[vlc-devel] [RFC 0/2] New executor API

Steve Lhomme robux4 at ycbcr.xyz
Mon Aug 31 08:34:12 CEST 2020


On 2020-08-28 15:51, Rémi Denis-Courmont wrote:
> Le perjantaina 28. elokuuta 2020, 11.25.16 EEST Alexandre Janniaux a écrit :
>>>>> Besides, timing out is an error that deserves logging. Interrupt is
>>>>> not.
>>>>> So using the same callback for both purpose looks dubious to me.
>>>>
>>>> The goal is simplicity.
>>>
>>> By making things more complicated. Yeah right...
>>
>> I agree with Remi, if you want simplicity, the best thing
>> would be to limit the asynchronous framework to the
>> asynchronous execution and signalling like almost every other
>> asynchronous framework.
>>
>> Especially since youǘe talked about some `future` object, and
>> thus a pro-actor model which doesn't have ways to do
>> signalling from the outside of the asynchronous framework to
>> the task by itself in almost all implementation, and instead
>> have each layer of promise being able to return either a result
>> or an error that the future will catch, and an internal
>> composition rule for each layer's result.
>>
>> In the case the vlc_executor is killed, the preparser client
>> needs to be killed first since it is using the executor, and
>> thus can cancel its tasks internally directly, which might be
>> at the middle of the preprocessing, at the beginning or right
>> before the end. It's much less convoluted than having the
>> preparser client use the vlc_executor to cancel the taks, which
>> will just really call the preparser specific cancellation code
>> anyway.
> 
> Yes exactly. All the complexity comes from the very disagreeable decision to
> have the runner rather than the owner keep track of the tasks. If the owner
> keeps track of its tasks, it can interrupt them (due to stop or time-out)
> directly, and the tasks can notify their complexition directly as well.

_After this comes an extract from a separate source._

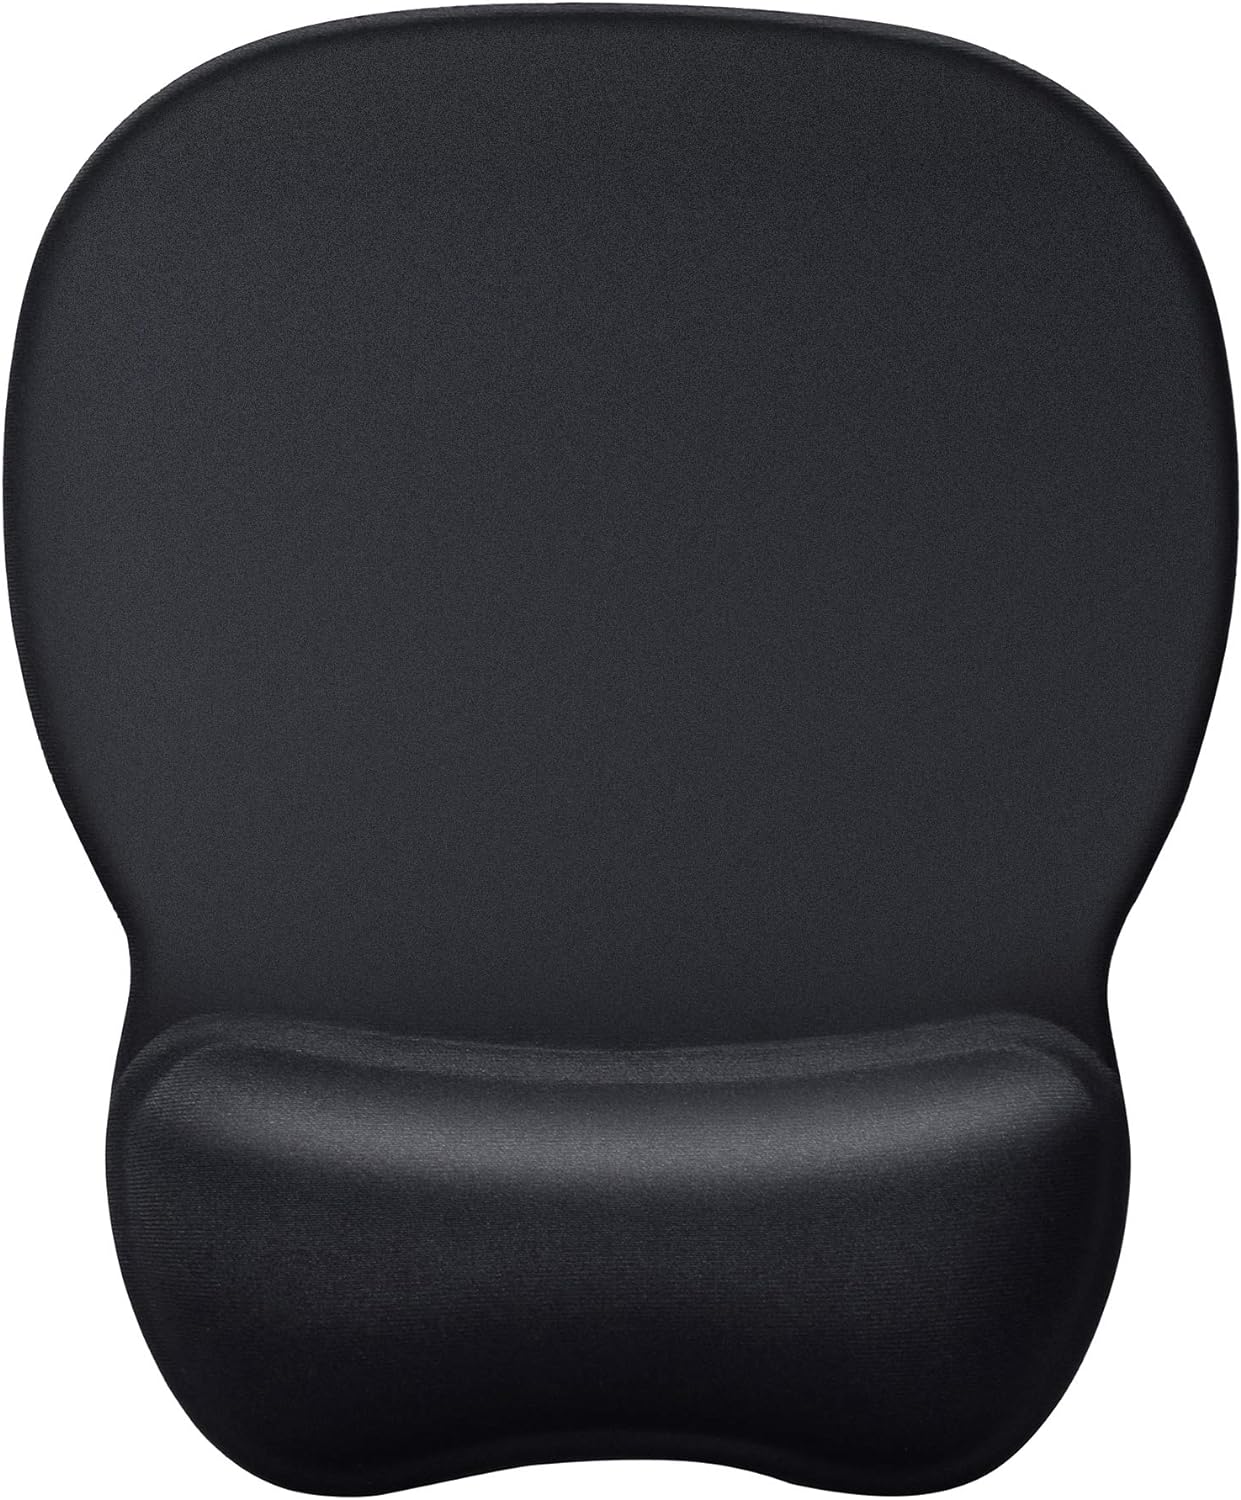 MROCO Ergonomic Mouse Pad with Gel Wrist Support, Comfortable Mousepad with Smooth Wrist Rest Surface and Non-Slip PU Base for Pain Relief, Computer, Laptop, Office & Home, 9.4 x 8.1 in, Black

IMO that's the runner dealing with what happens to the task is the more 
generic way, which allow more use cases. If you tie a task to an owner, 
it forces the owner to do all kind of things when in fact it didn't want 
to care at all what happens to the tasks it starts. (ie the finished 
callback should have all it needs to deal with the 
result/timeout/error/cancelation). Sure you may want to cancel things, 
but there are probably cases you don't want to. If the framework forces 
you to deal with the state of the tasks you launch (which may all be 
very different from each other) that's a lot of complexity added where 
it can be isolated in the task to run.

One use case we could use in the future is chaining tasks. When task A 
finishes, it does some things and start task B. When task B finishes, it 
does some things and start task C. etc. If you put the owner in charge 
of the state of each task that becomes a big mess.

Chaining task could be interesting to do async I/O. You launch a task to 
read/write and when it's do it forwards the data wherever it needs to 
and chain the next same task. You don't need a "manager" to handle it.